We had a partial outage of Snowplow events collected during a four week period between Sep 14 - Oct 12 2020. During this time, we saw a 27% decrease in the number of events collected, resulting in a roughly 27% decrease across performance indicators which use Snowplow as a data source.
The root cause of this partial outage was infrastructure related where our Snowplow Pipeline's enricher nodes ran out of disk space and were not set to autoscale alongside of the Snowplow collector nodes. This has now been resolved by infrastructure by setting the enricher nodes to autoscale.
Did we change anything in our snowplow implementation ?? @mpeychet_ sees a steep decrease of pageviews starting last week of september
It defers initDefaultTrackers into deferredInitialisation which also includes trackPageView
exportfunctioninitDefaultTrackers(){if (!Tracking.enabled())return;window.snowplow('enableActivityTracking',30,30);window.snowplow('trackPageView');// must be after enableActivityTrackingif (window.snowplowOptions.formTracking)window.snowplow('enableFormTracking');if (window.snowplowOptions.linkClickTracking)window.snowplow('enableLinkClickTracking');Tracking.bindDocument();Tracking.trackLoadEvents();}
Page views are tracked using the trackPageView method. This is generally part of the first Snowplow tag to fire on a particular web page. As a result, the trackPageView method is usually deployed straight after the tag that also invokes the Snowplow JavaScript (sp.js) e.g.

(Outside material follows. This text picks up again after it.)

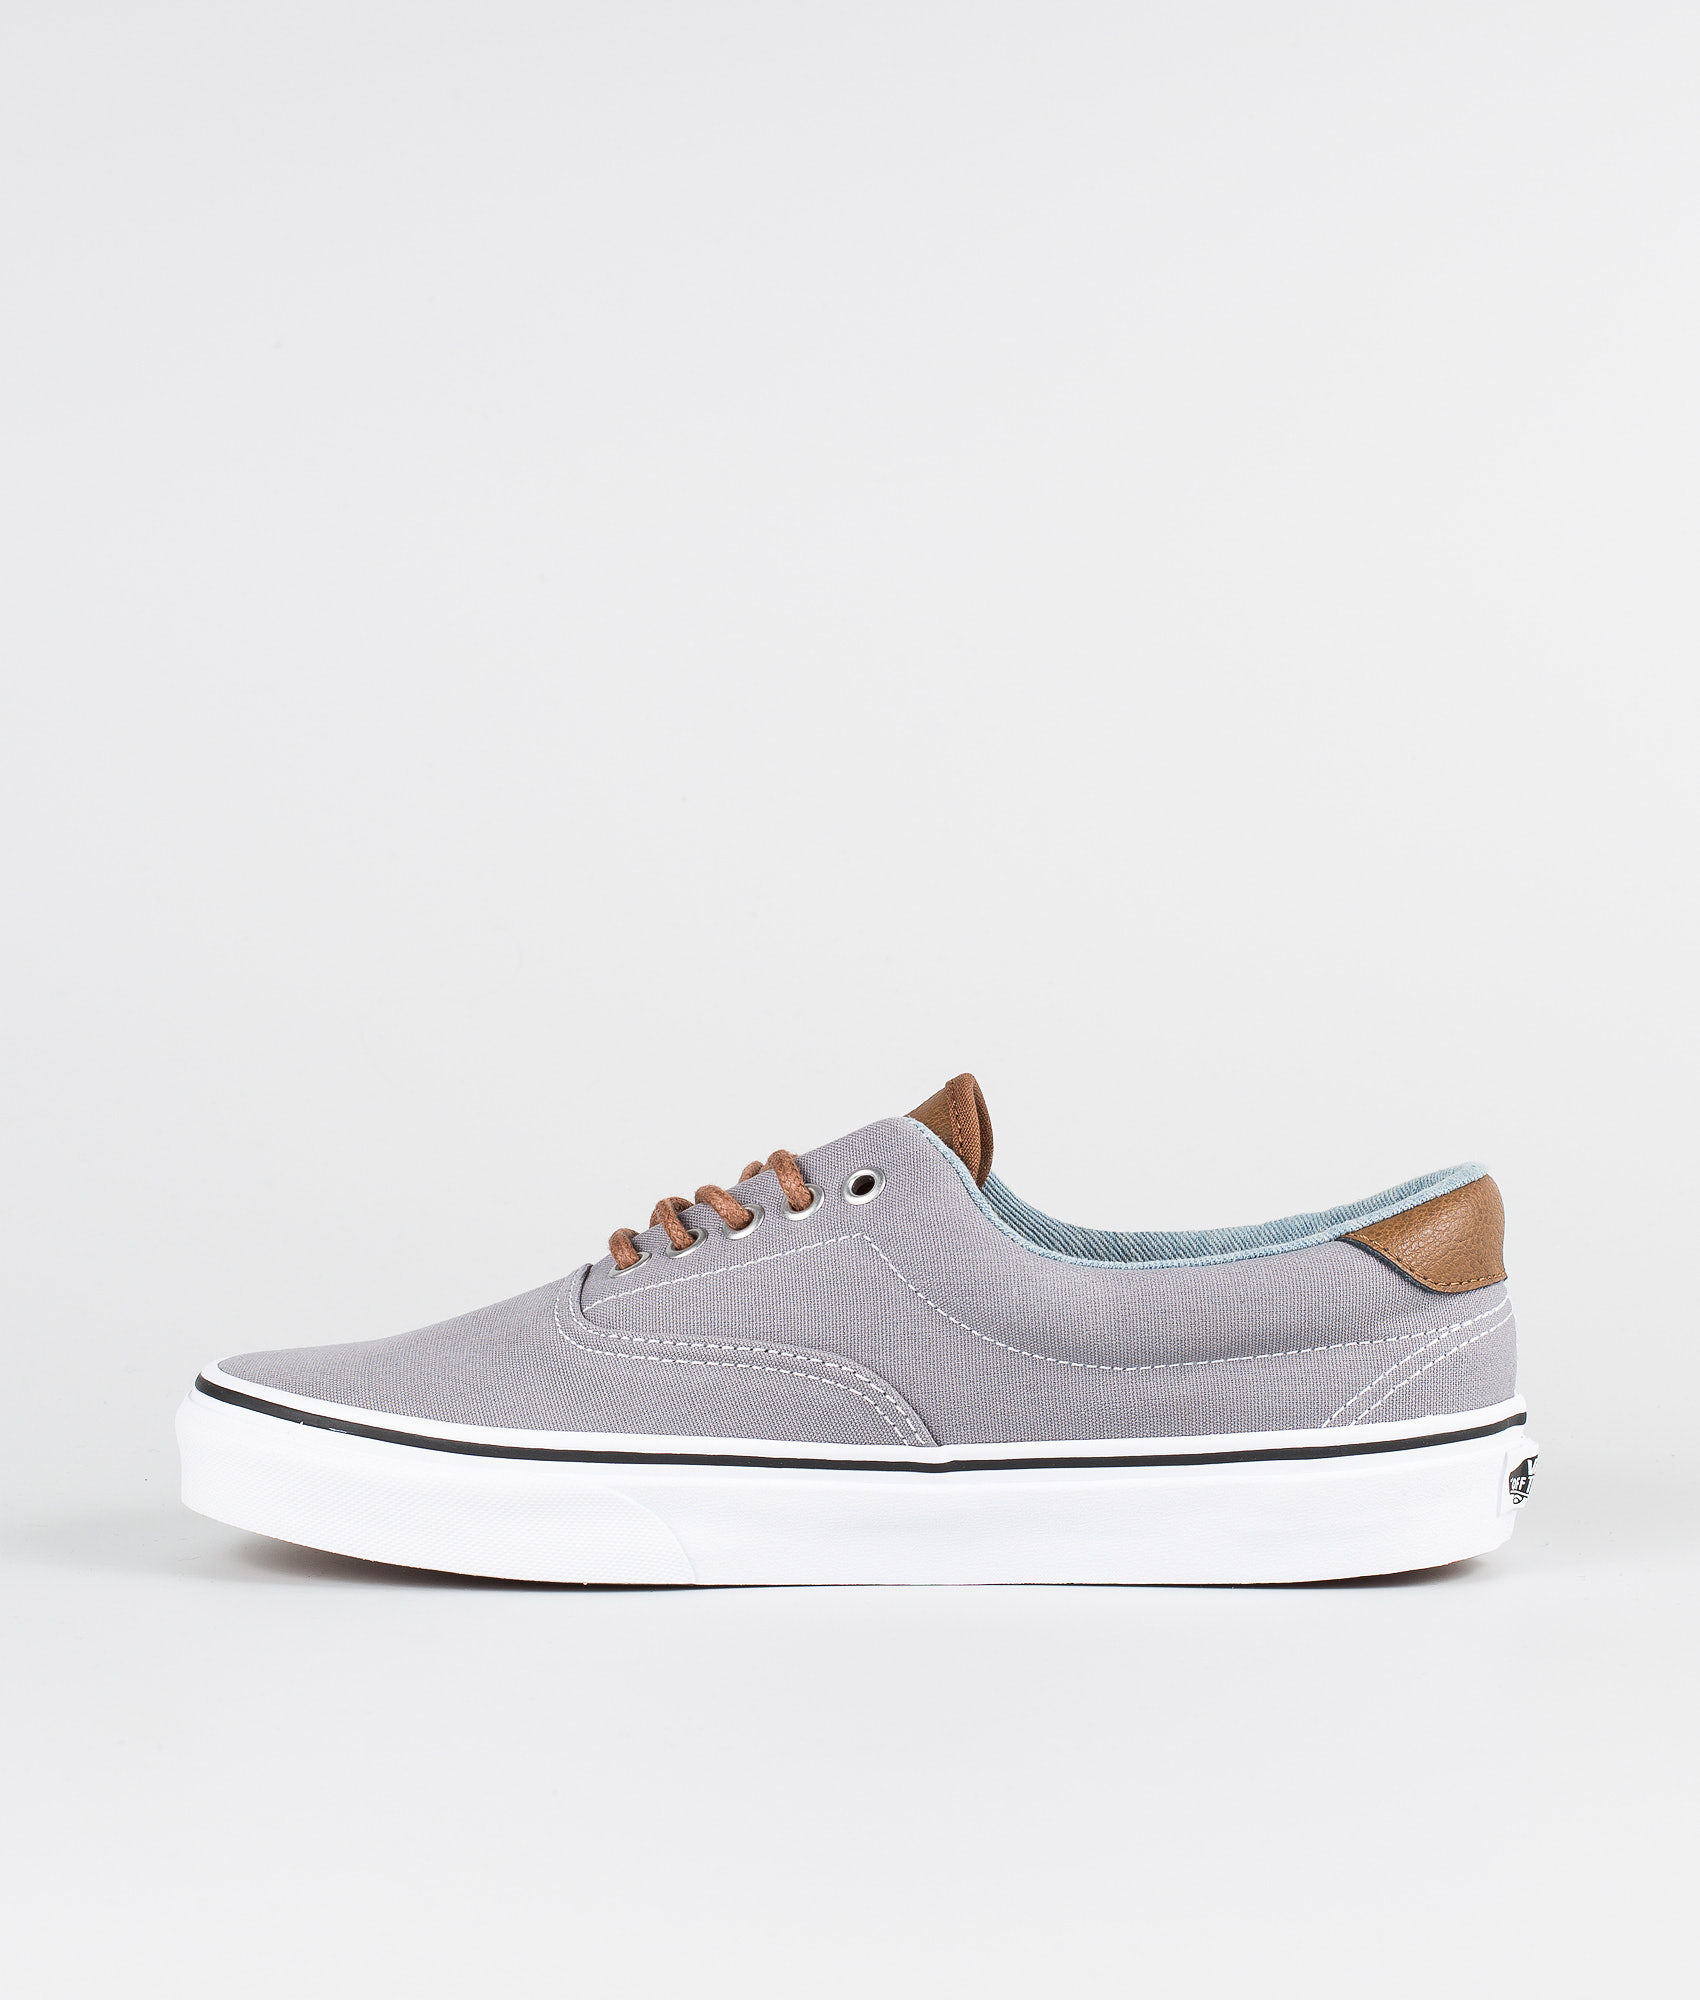 4c18a636d4 Vans Era 59 Shoes (C L) Frost Gray Acid Den - Ridestore.com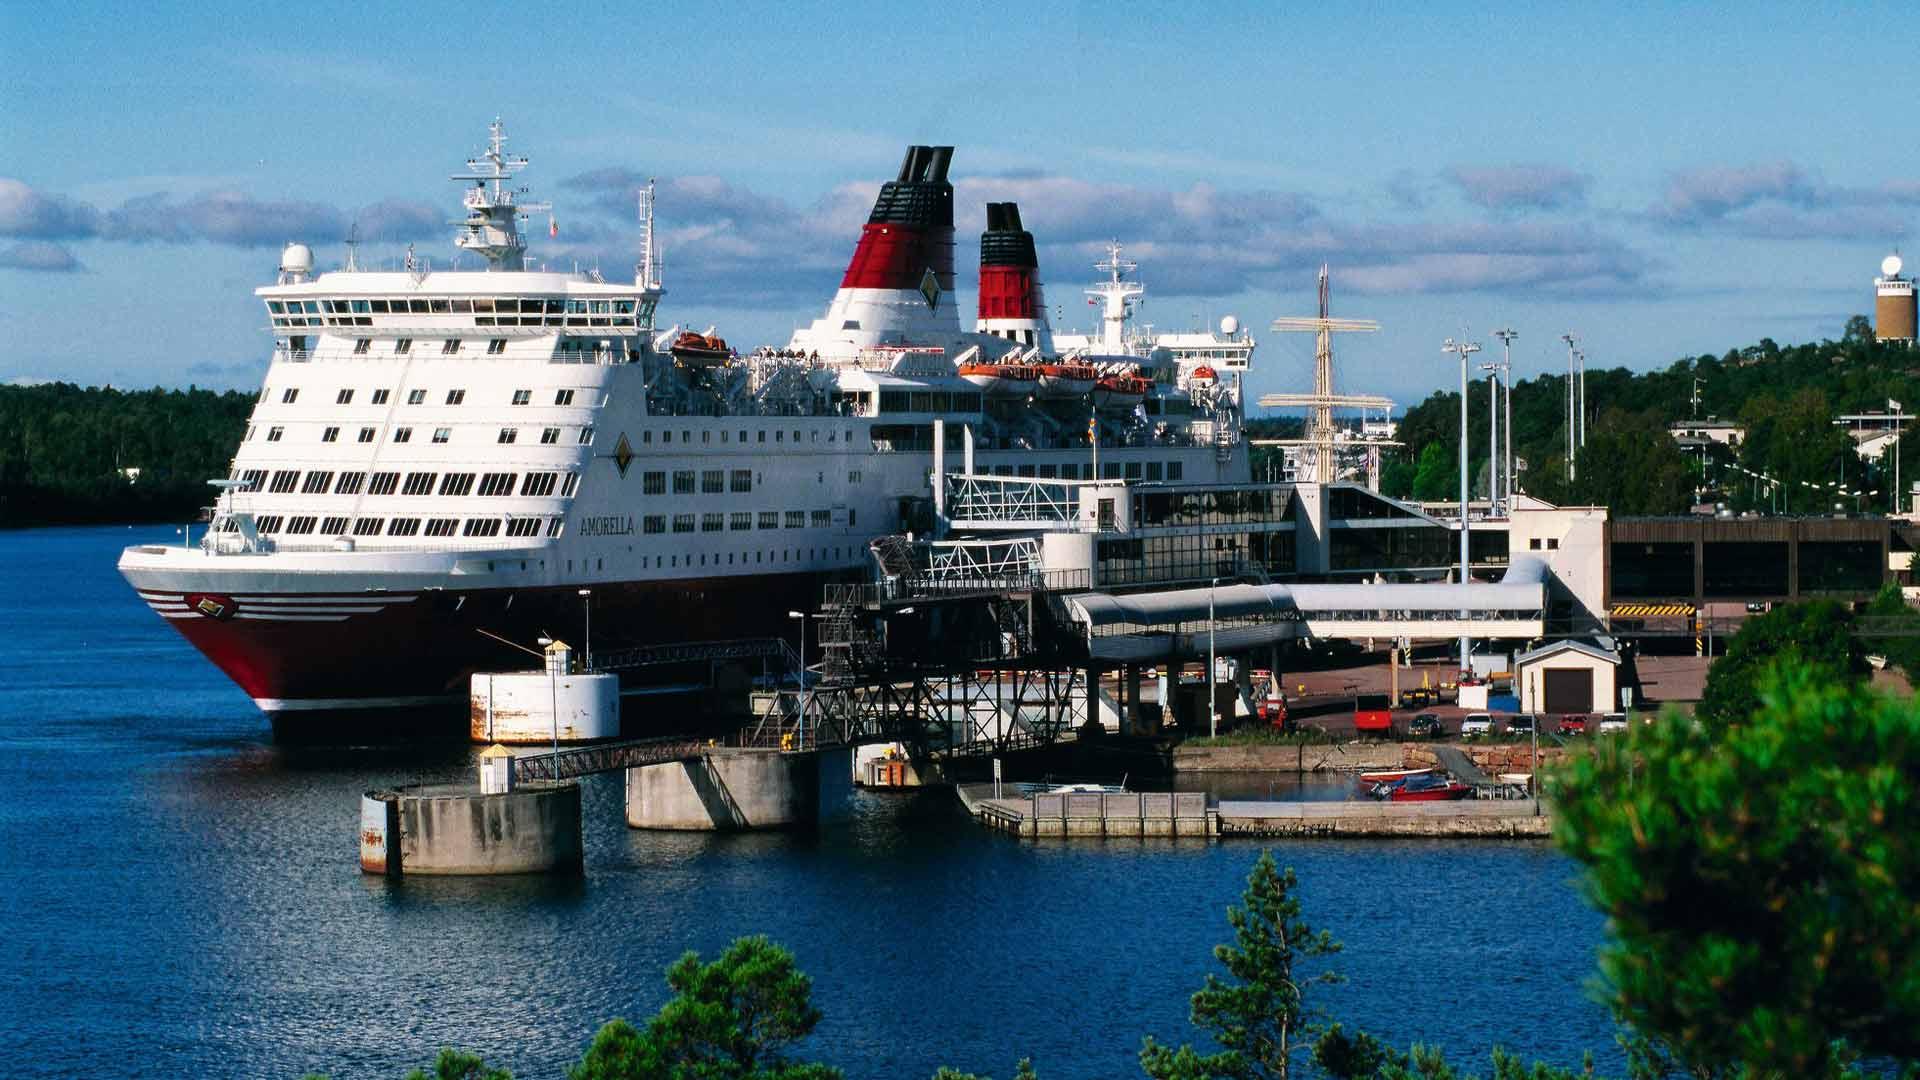 Viking Linen uusi risteily Maarianhaminaan otettiin ilolla vastaan Ahvenanmaalla. Matkustajia odottaa maissa monenlaiset herkut ja palvelut.

I wonder if window.snowplow('trackPageView') is indeed deferrable generally or for particular cases.
Another thing to check if the deferred snowplow tracking is executed, and not skipped due to other errors in the JS chain or the order of calls relevant to Snowplow.
It looks like there was some sort of change in event counts with the processing pipeline in September.
@cmcfarland would you be able to chime in here on what we're exactly looking at? The Stream Records Age piece makes me think there's some sort of backlog?
We're actually coming close to maxing out our snowplow collectors each day. Might need to right-size this upper limit of 48 collectors.
Incoming good raw counts mean that the collectors are getting good packets and adding them to that queue. And it's in pace with the traffic growth.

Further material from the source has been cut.